Рапсодия посмотрела на него. Глаза Акмеда метали молнии, плечи напряглись от с трудом сдерживаемого гнева — она уже давно не видела его таким.
— Почему ты сердишься? Да, я хочу помочь Эши, но это вовсе не означает, что я предаю тебя или перестаю быть твоим другом.
— Это здесь ни при чем.
— Сомневаюсь. — Рапсодия встала и подошла к Акмеду. Стараясь справиться с рвущимся наружу возмущением, она уселась на стол напротив него. — Думаю, очень даже причем. Должна напомнить, что, помогая тебе добиться желаемого результата, я делала вещи, в правильности которых совсем не была уверена и к которым порой даже испытывала отвращение. Но я все равно шла за тобой, поскольку ты меня попросил и сказал, что поступаешь правильно.
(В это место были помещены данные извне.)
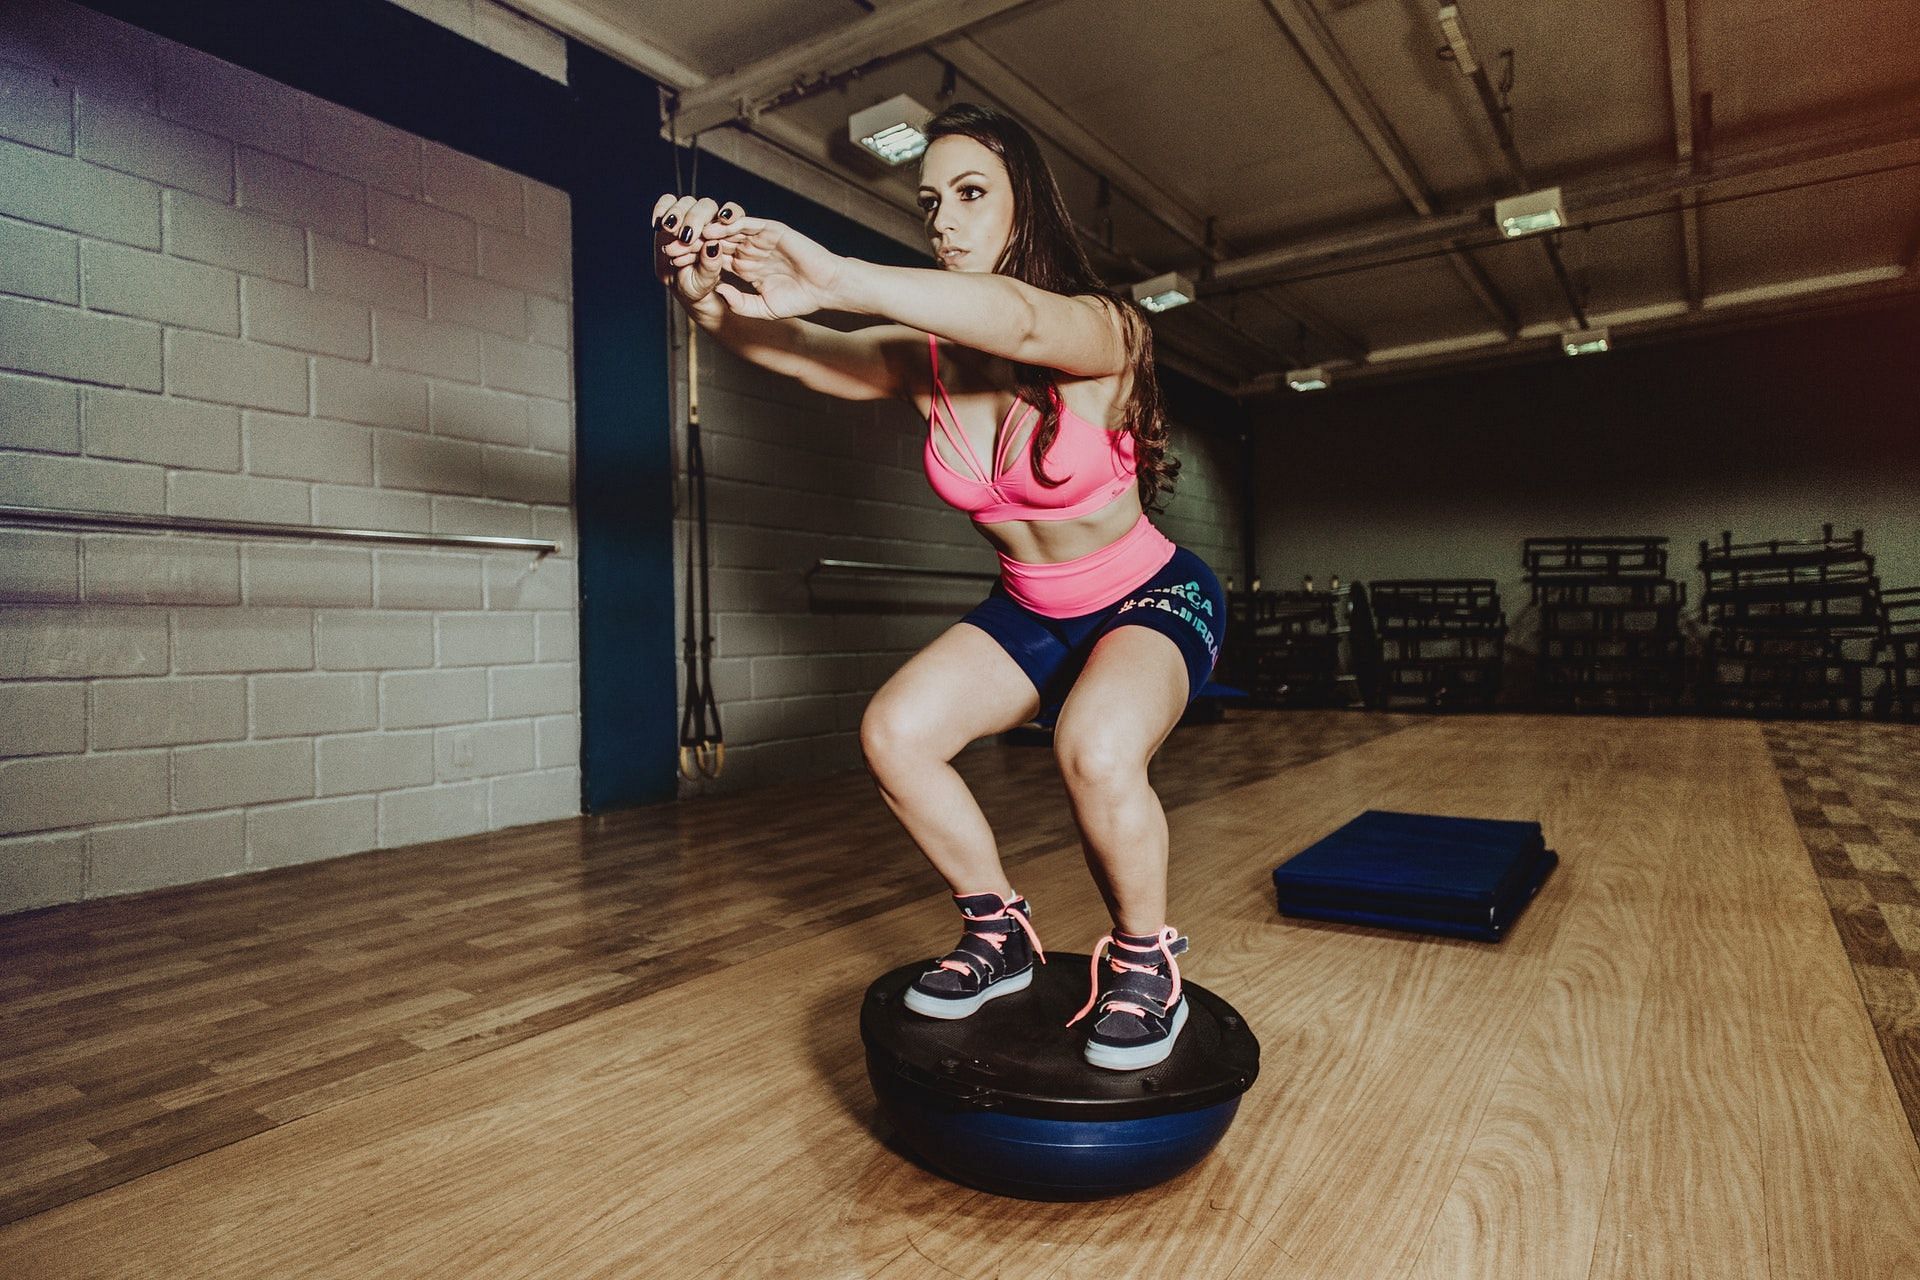 Exercises done on BOSU are effective and challenging. (Photo by Jonathan Borba via pexels)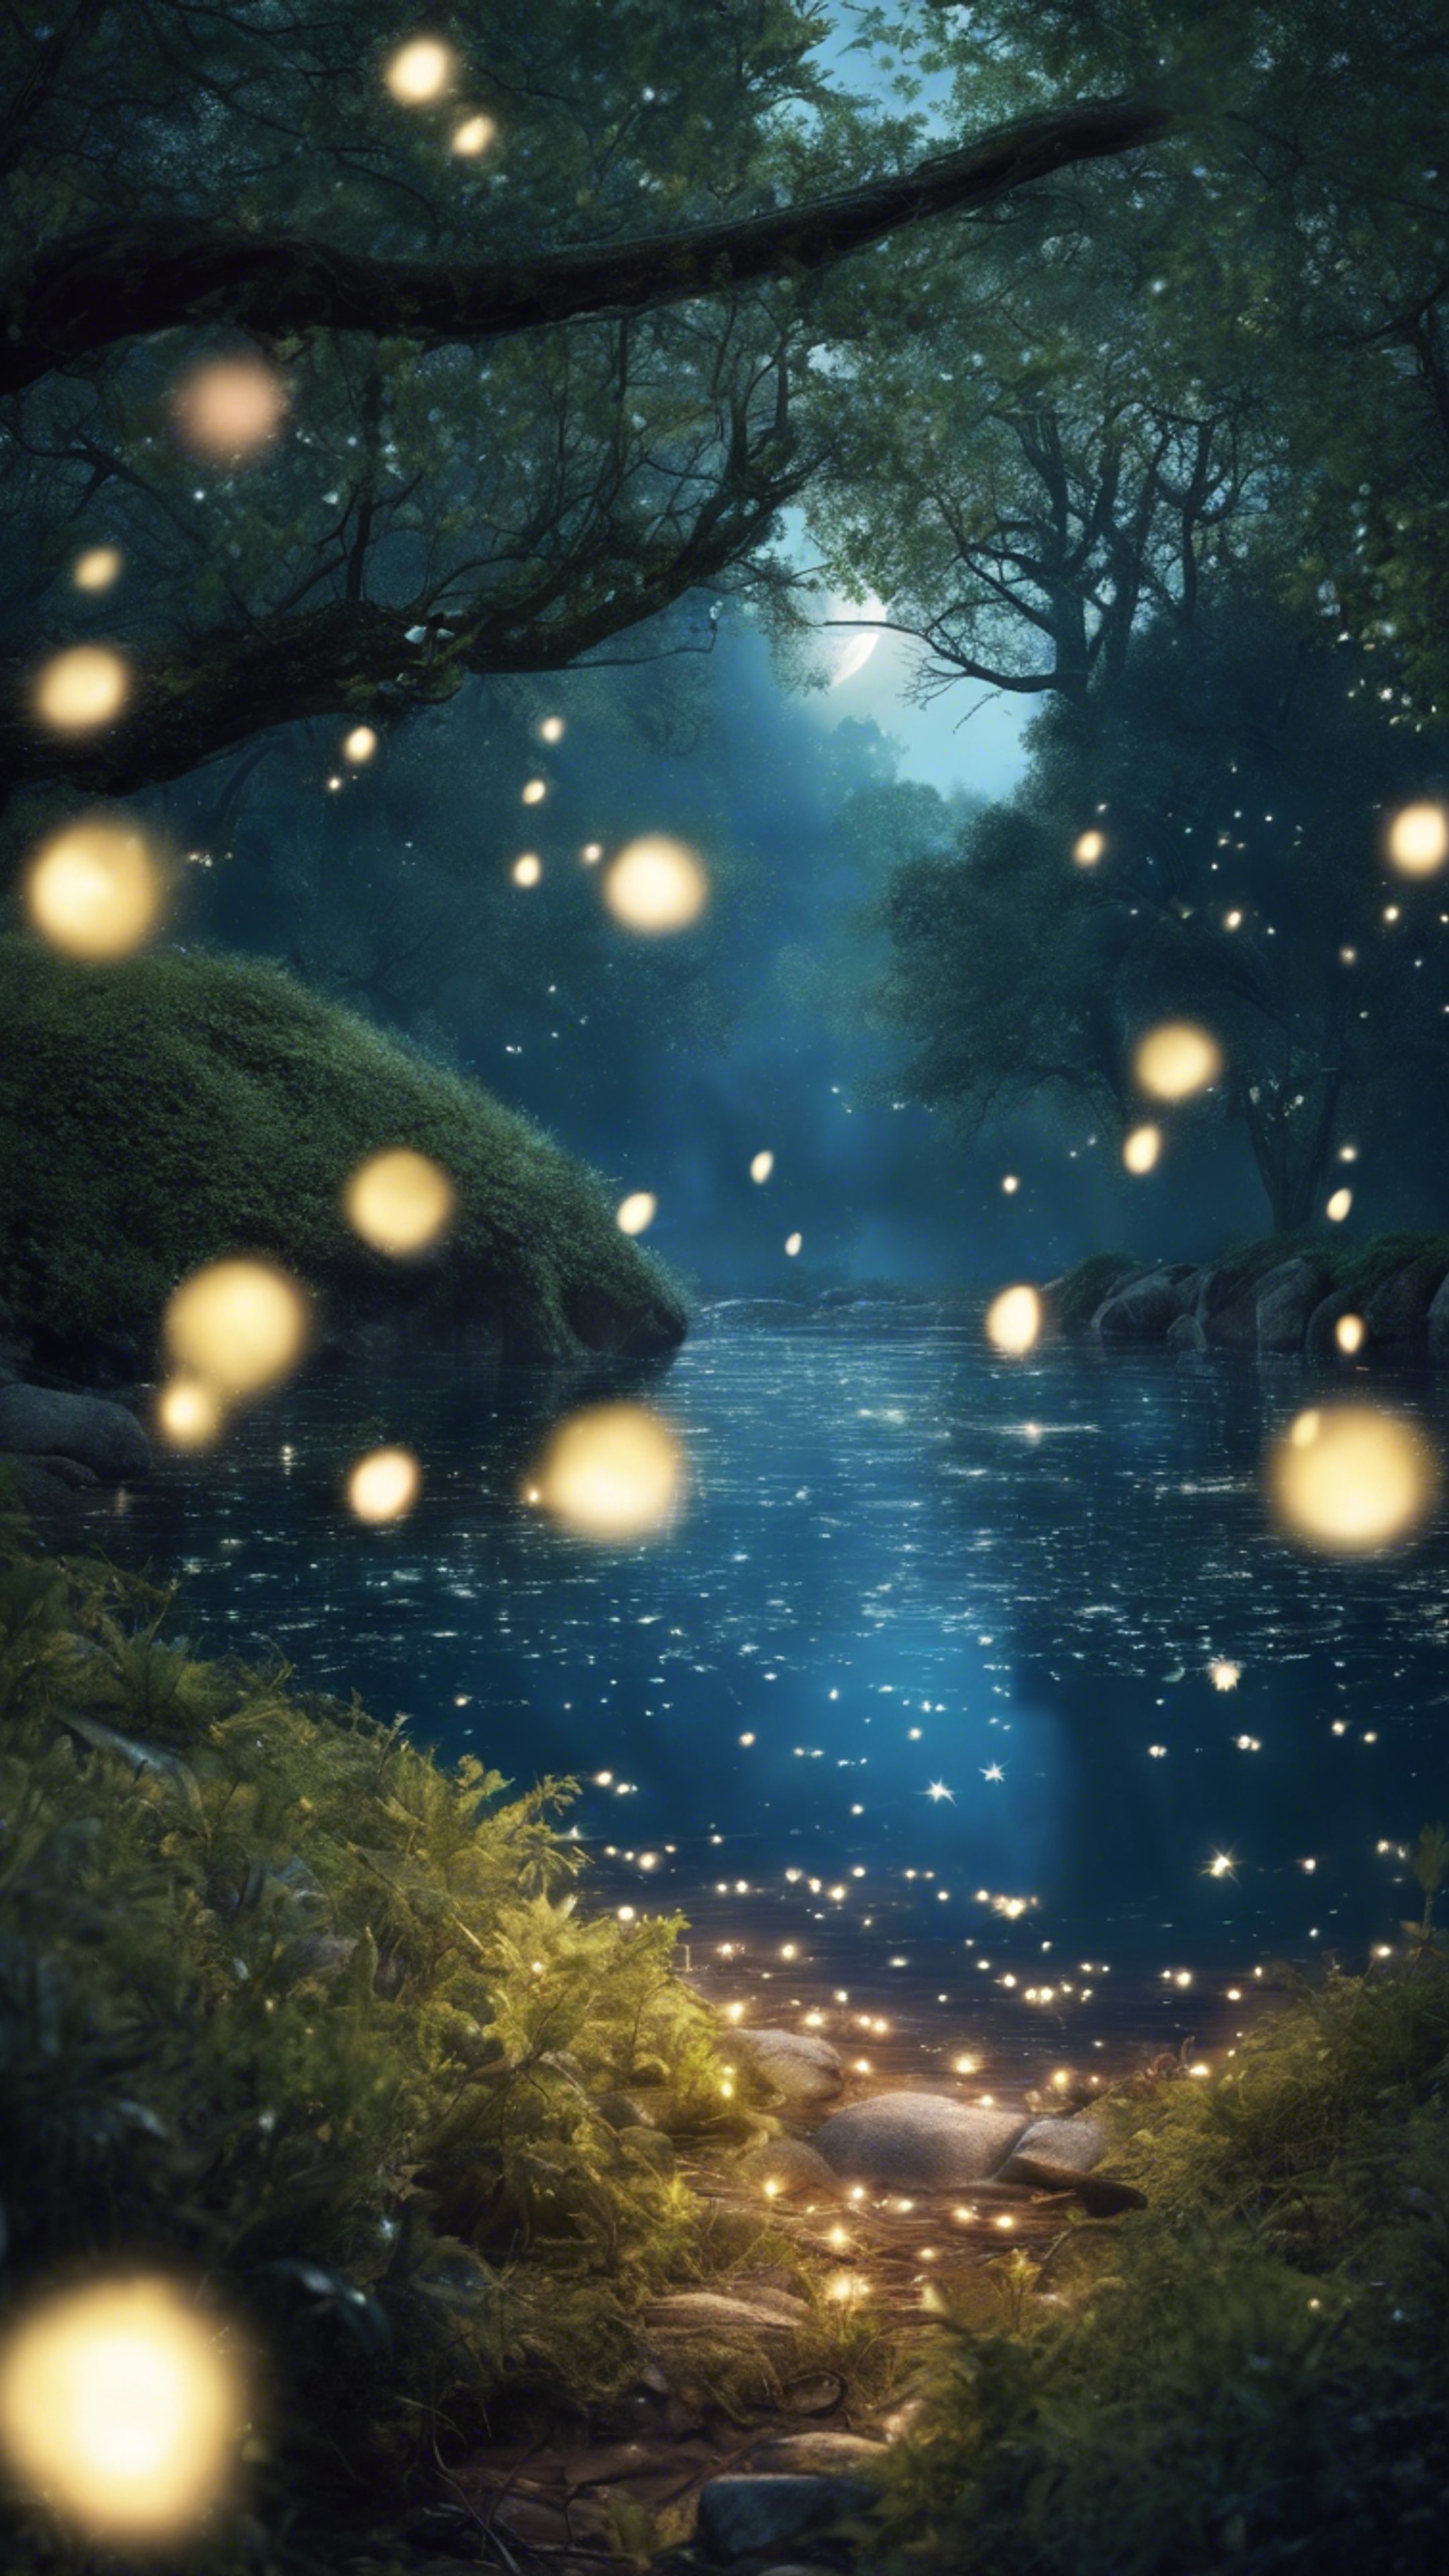 An enchanted forest lit up by midnight blue fireflies, with a river gleaming under the silver moon. Sfondo[9c93675377644e8e8e21]

Я в тебя поверила. Почему я не могу верить в него?
— Потому что он играет с тобой в тайны, стремится получить информацию и ничего не дает взамен. Он тебе не доверяет. Ты ничего о нем не знаешь. А если он и есть ф'дор?
— Не думаю.
— Очень убедительно. Ты совершенно не разбираешься в людях. И мы не слишком верим в твою интуицию.
На глаза Рапсодии навернулись злые слезы.
— Как ты можешь такое говорить? Я люблю тебя и люблю Грунтора. Как ты думаешь, сколько людей — не болгов — в состоянии увидеть за вашей уродливой внешностью и поступками прекрасную душу?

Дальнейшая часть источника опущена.